• [Try it]:
Restate word for word the entries below, starting with the line with "Домик для кошки" and continuing through the line with "Crystal & Freshwater". Include both of those lines and no others.

• [Extracted records]:
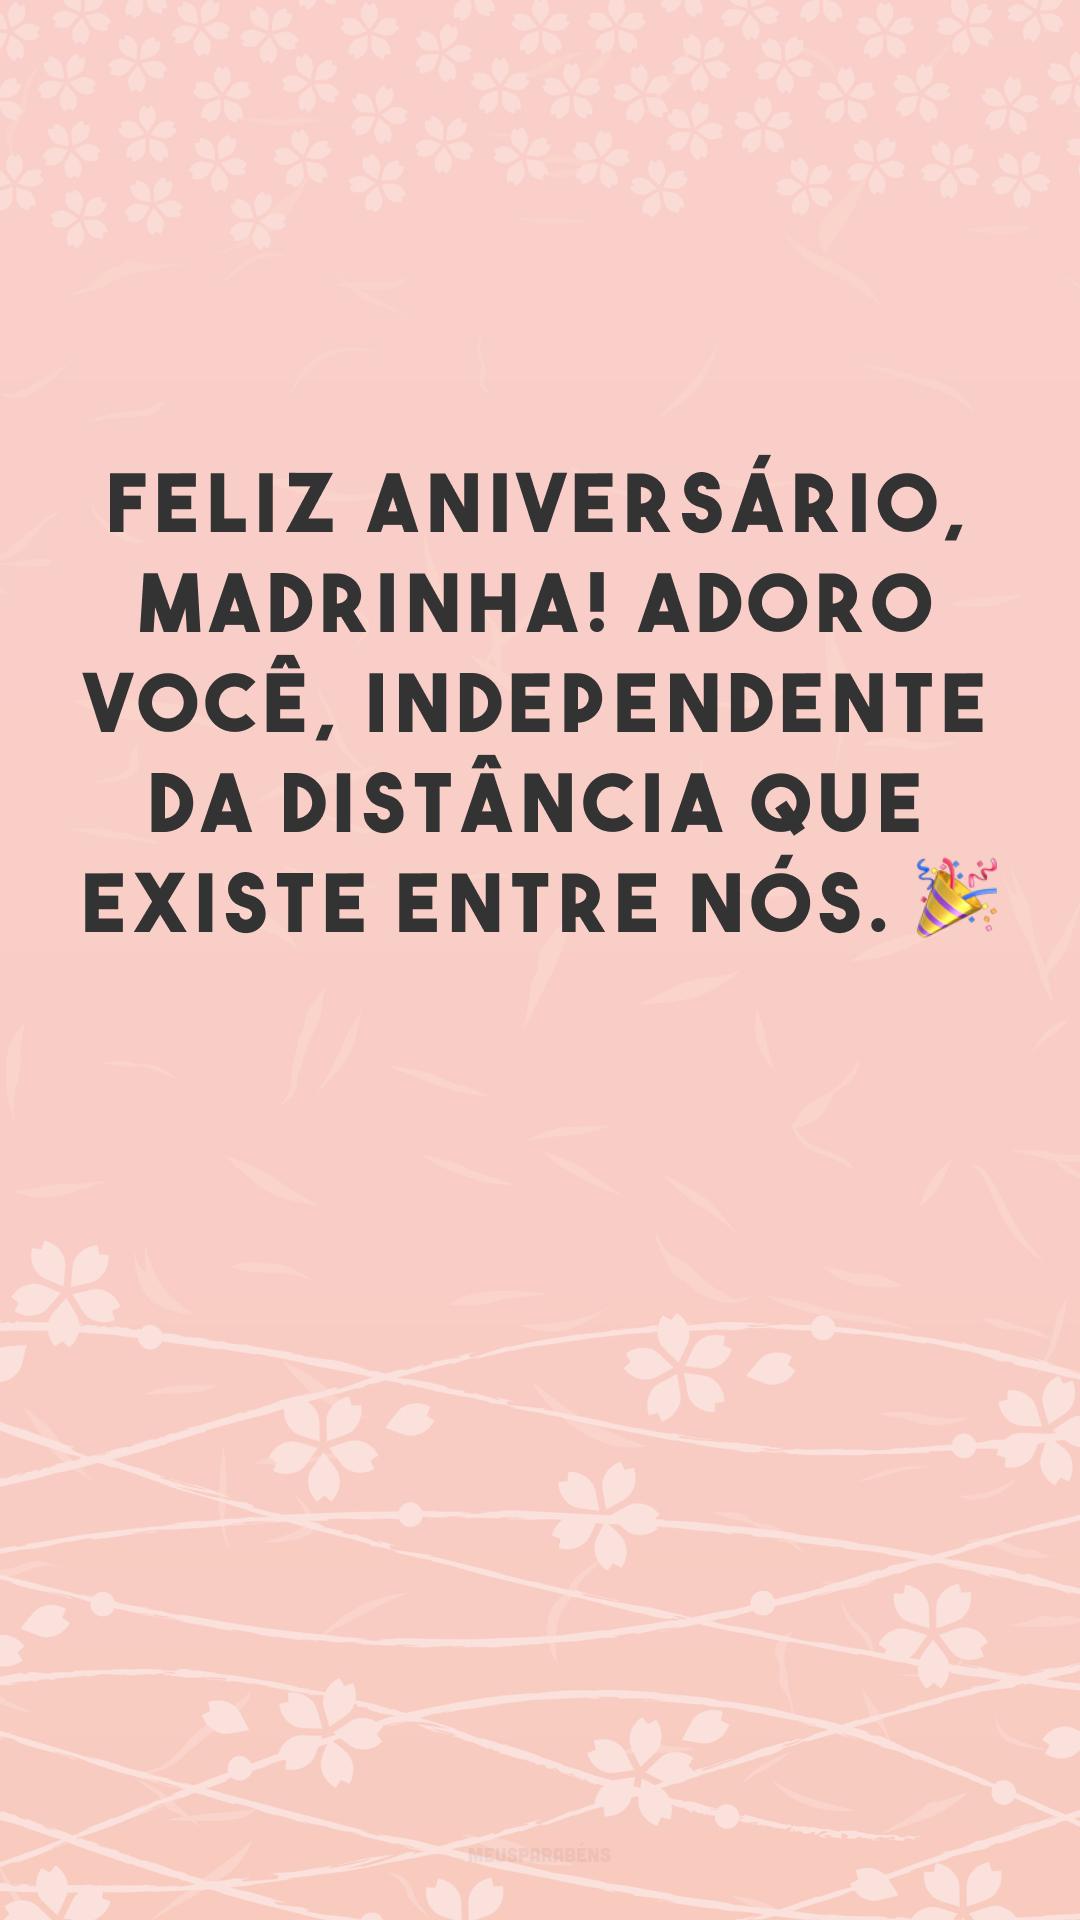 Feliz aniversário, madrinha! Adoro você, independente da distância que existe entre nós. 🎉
--
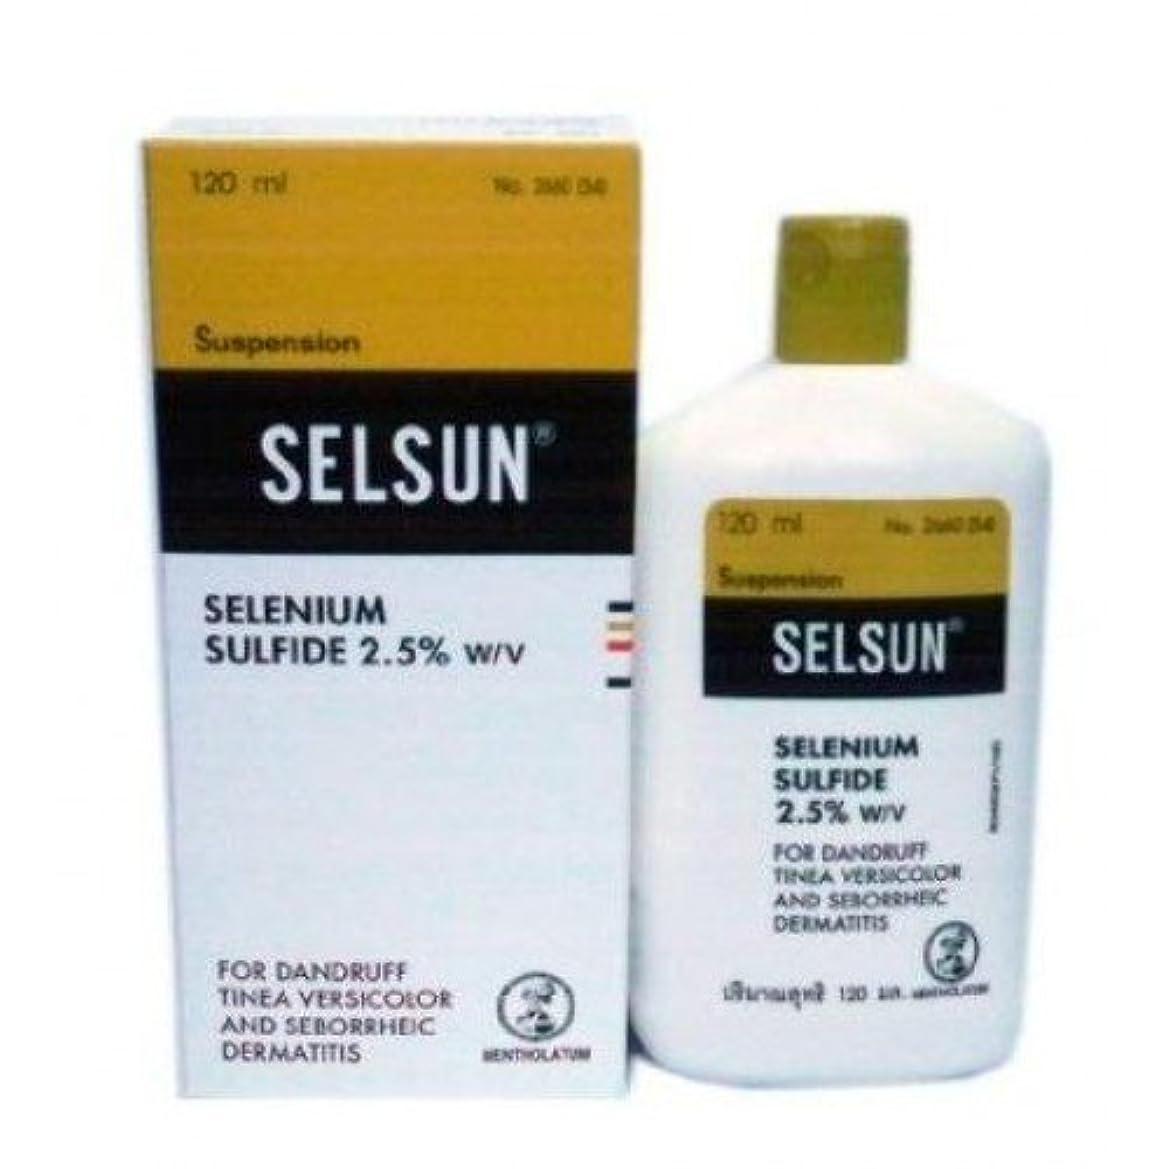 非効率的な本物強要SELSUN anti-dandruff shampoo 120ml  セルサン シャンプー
==
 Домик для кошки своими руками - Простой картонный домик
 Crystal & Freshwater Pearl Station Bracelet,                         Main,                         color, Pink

• [Output of the task]:
 Домик для кошки своими руками - Простой картонный домик
 Crystal & Freshwater Pearl Station Bracelet,                         Main,                         color, Pink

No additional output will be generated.